- **DATASET EXCERPT**:
= = = = =

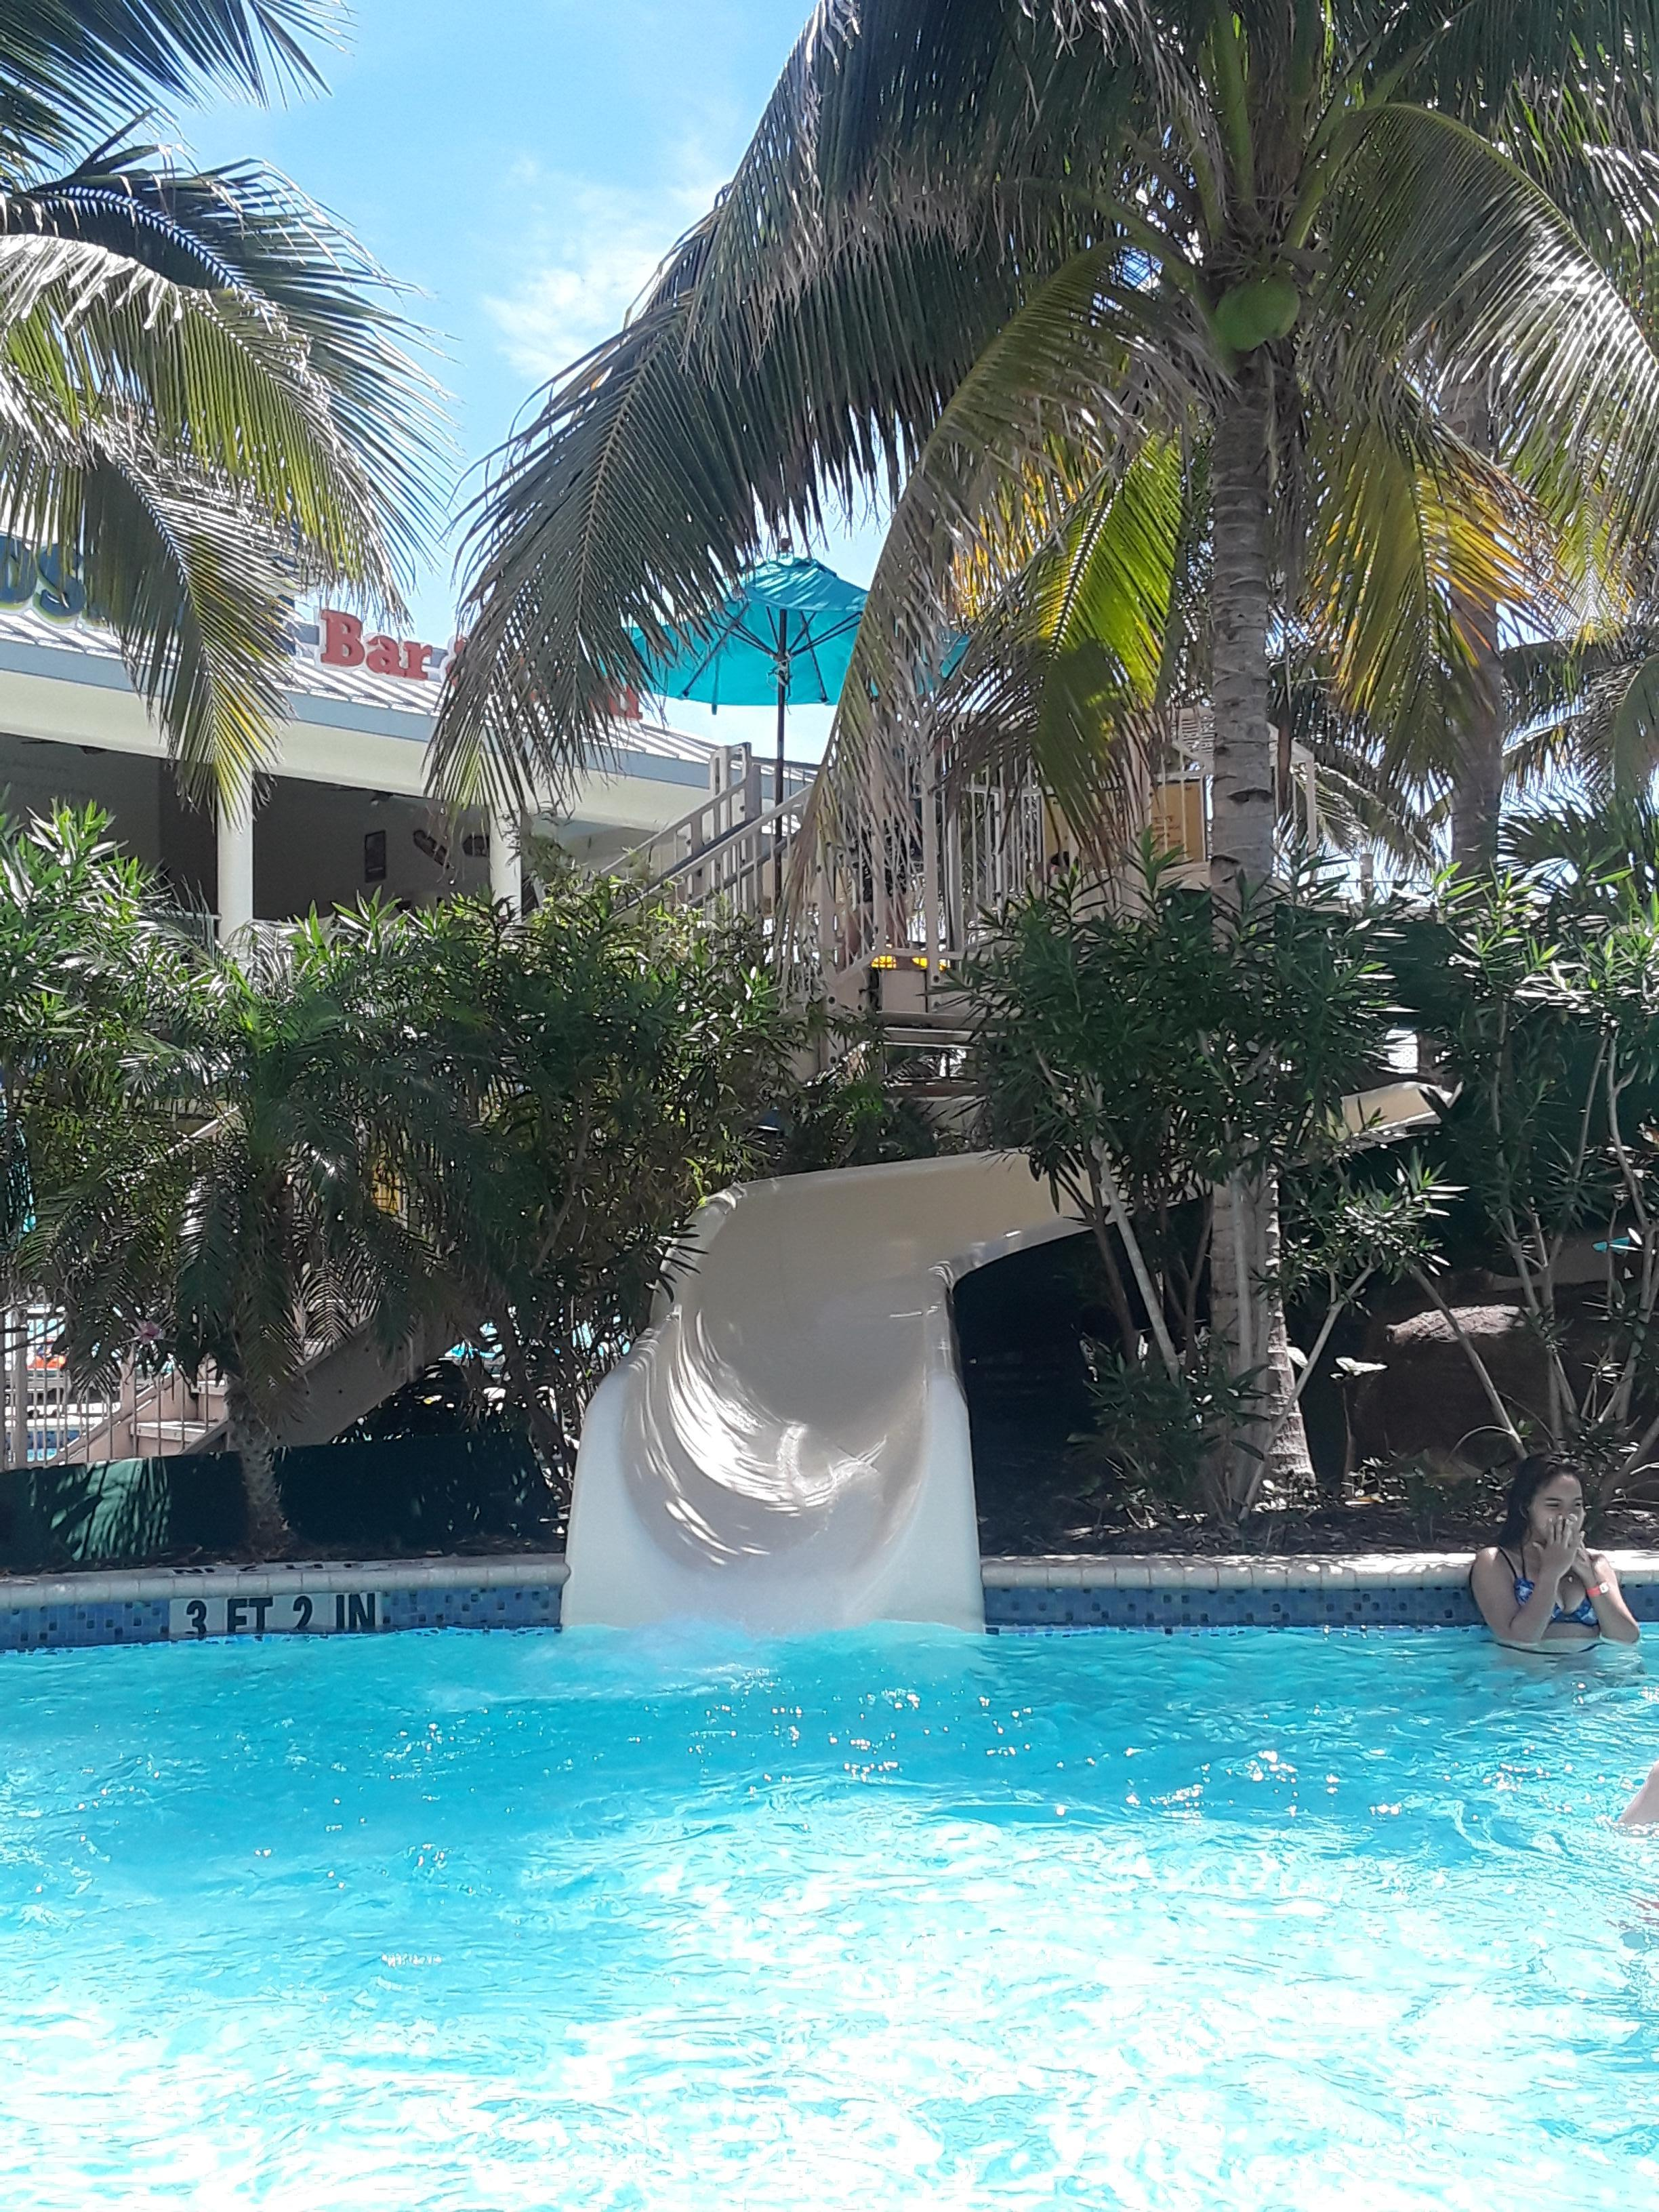 Margaritaville Hollywood Beach Resort, Fort Lauderdale
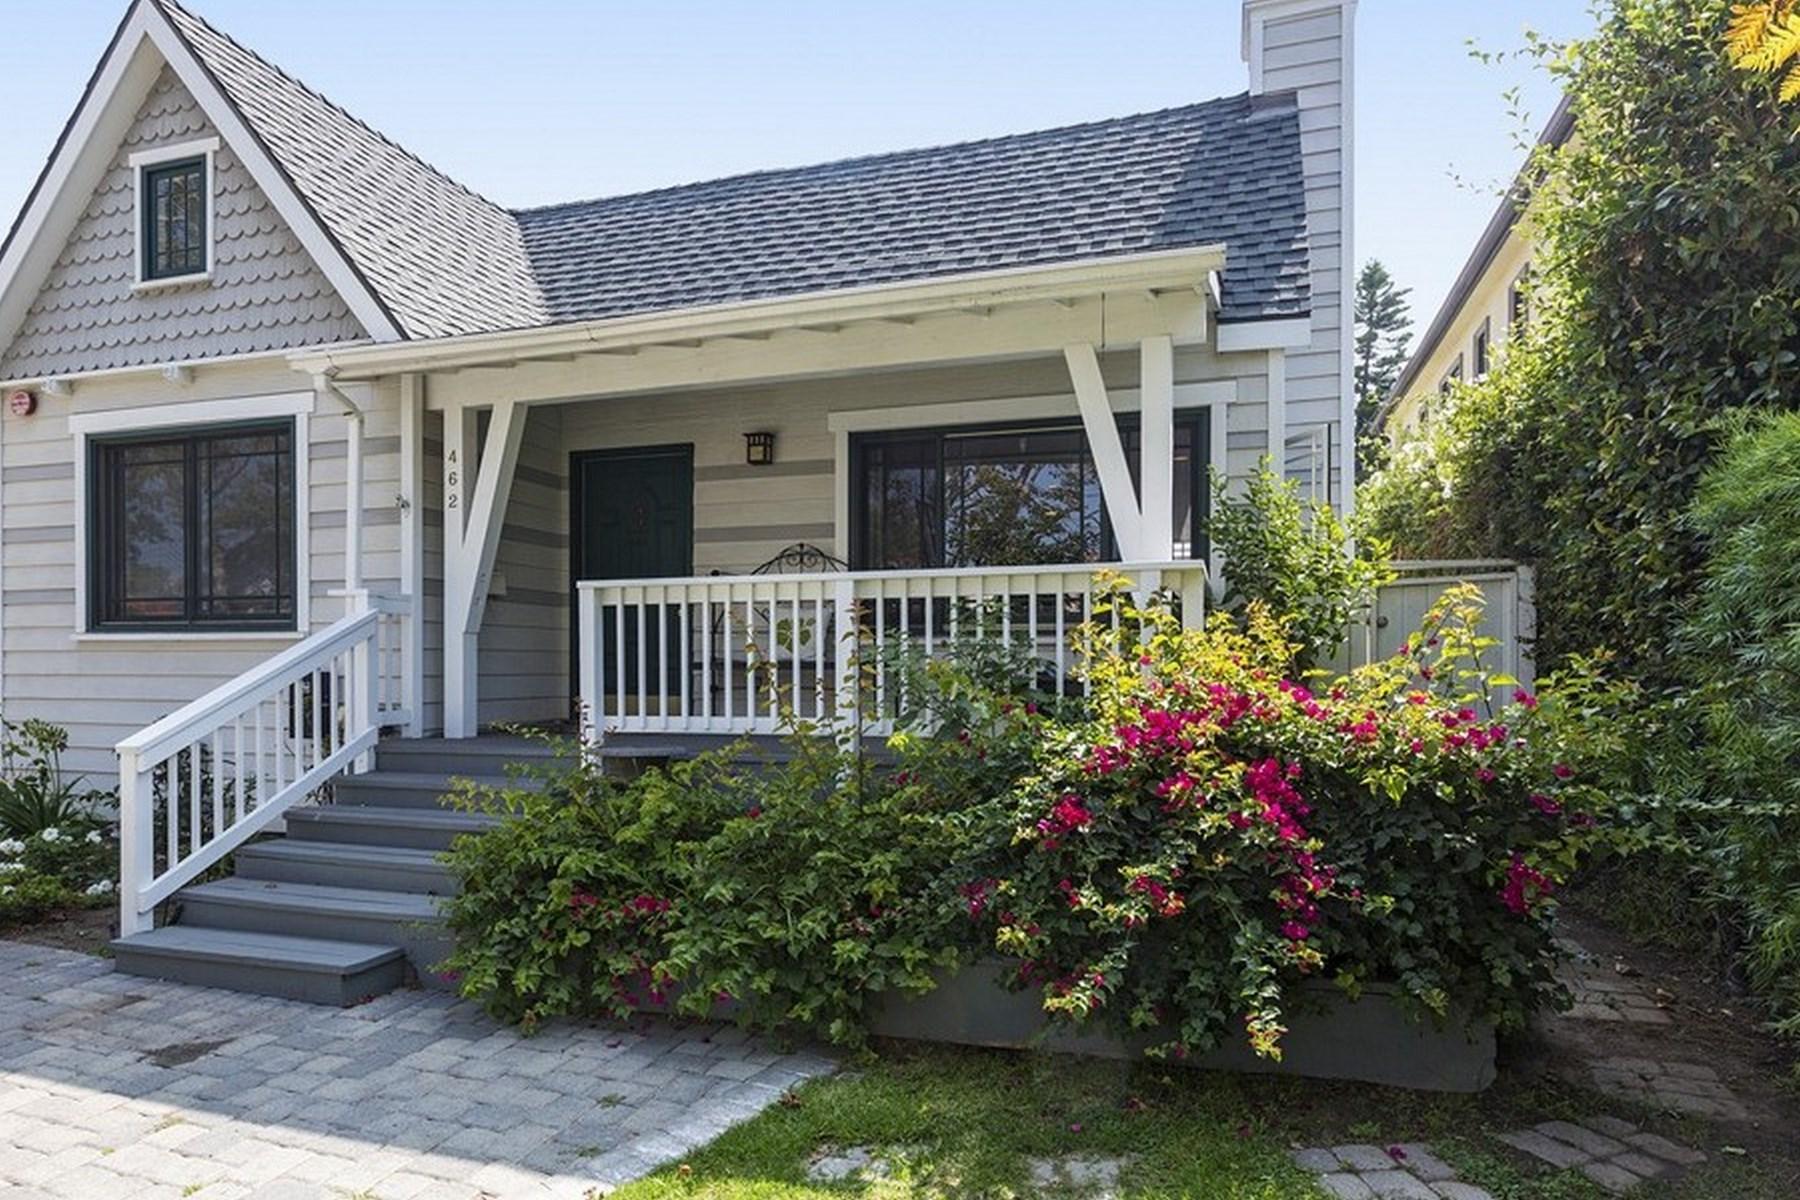 open-houses property at 462 S La Peer Drive
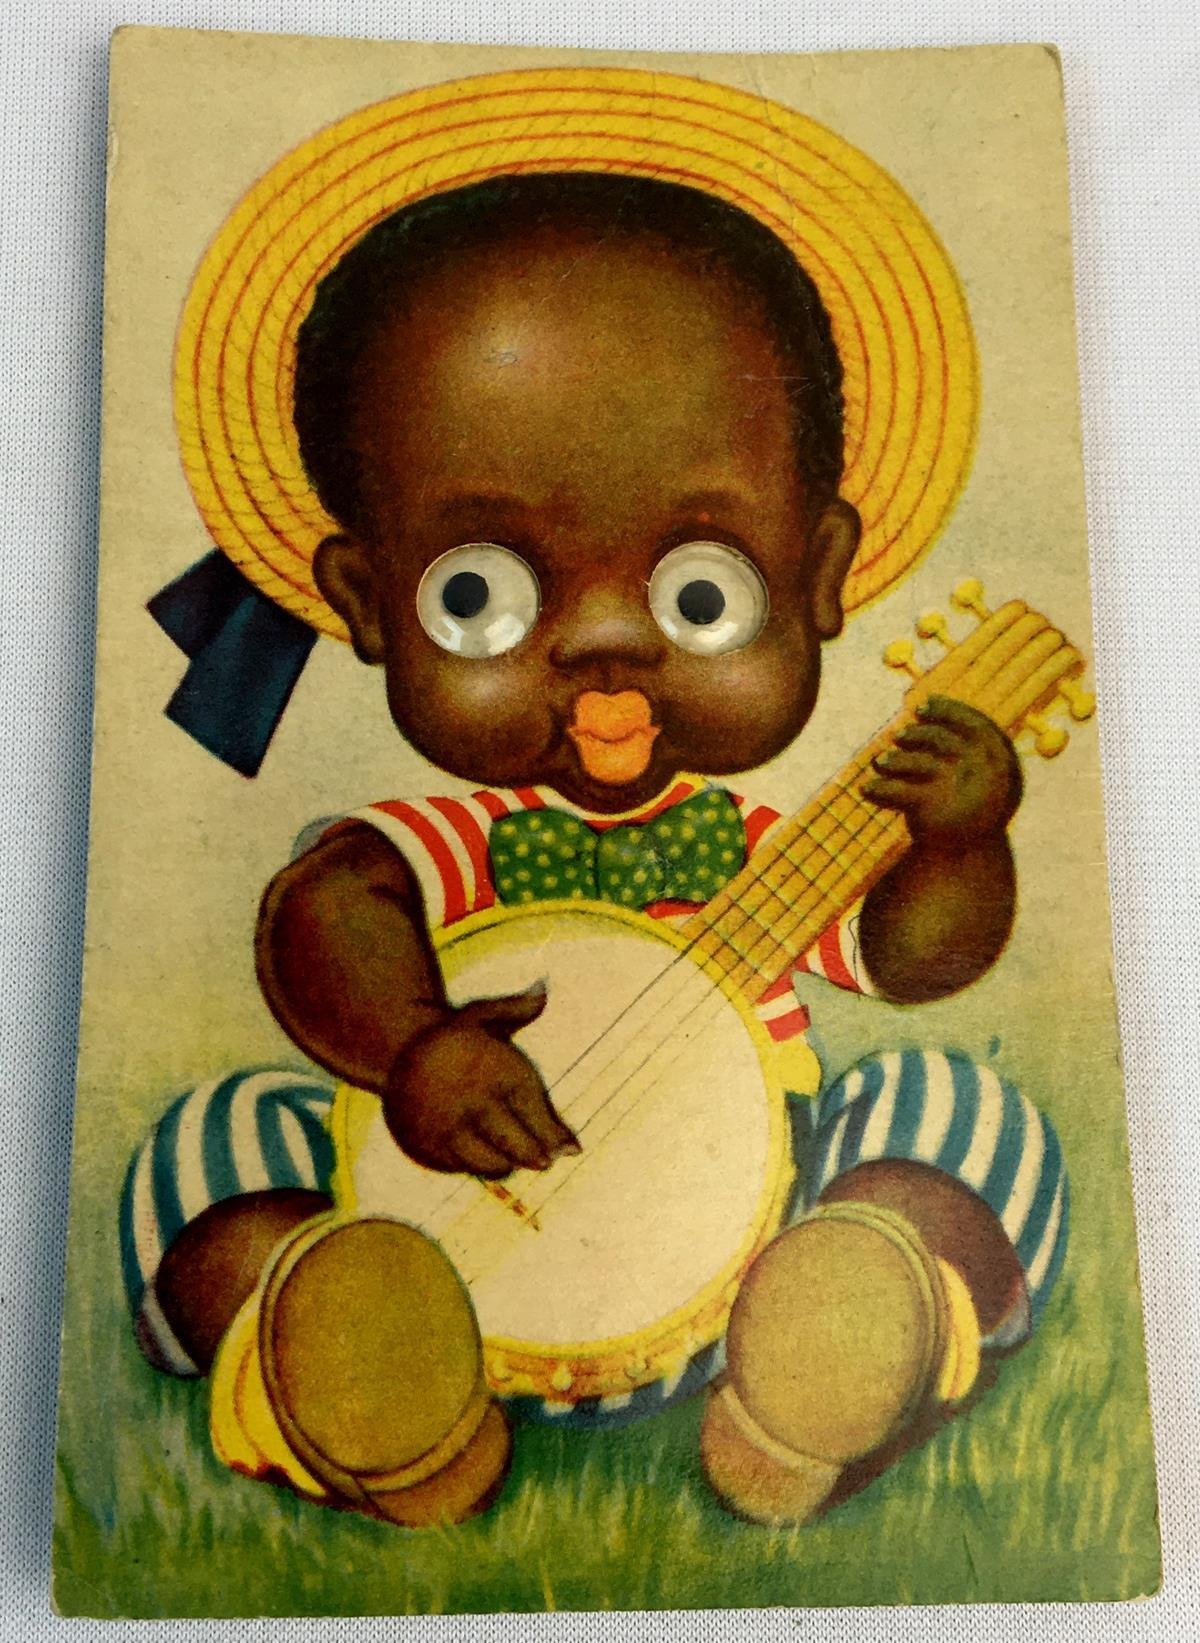 Antique c. 1910 Black Americana Patriotic Baby Playing The Banjo Squeaker Post Card w/ Googly Eyes
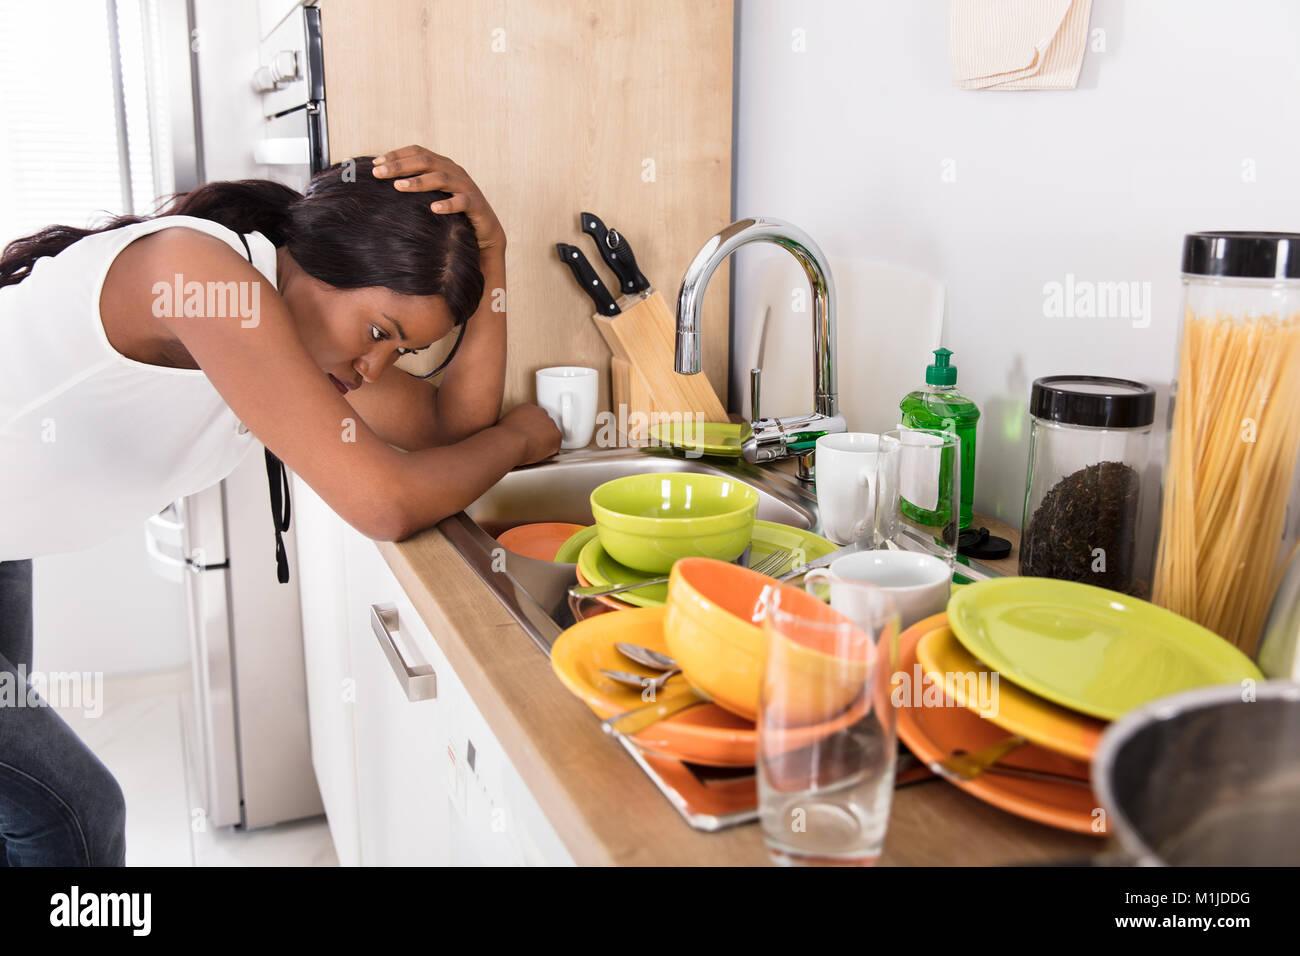 dirty kitchen dishes stockfotos dirty kitchen dishes bilder seite 3 alamy. Black Bedroom Furniture Sets. Home Design Ideas

= = = = =

- **EXERCISE**:
Please retype the material in full, exactly as it reads, apart from the images.

- **SOLVED EXERCISE**:
 Margaritaville Hollywood Beach Resort, Fort Lauderdale
 open-houses property at 462 S La Peer Drive
 Antique c. 1910 Black Americana Patriotic Baby Playing The Banjo Squeaker Post Card w/ Googly Eyes
 dirty kitchen dishes stockfotos dirty kitchen dishes bilder seite 3 alamy. Black Bedroom Furniture Sets. Home Design Ideas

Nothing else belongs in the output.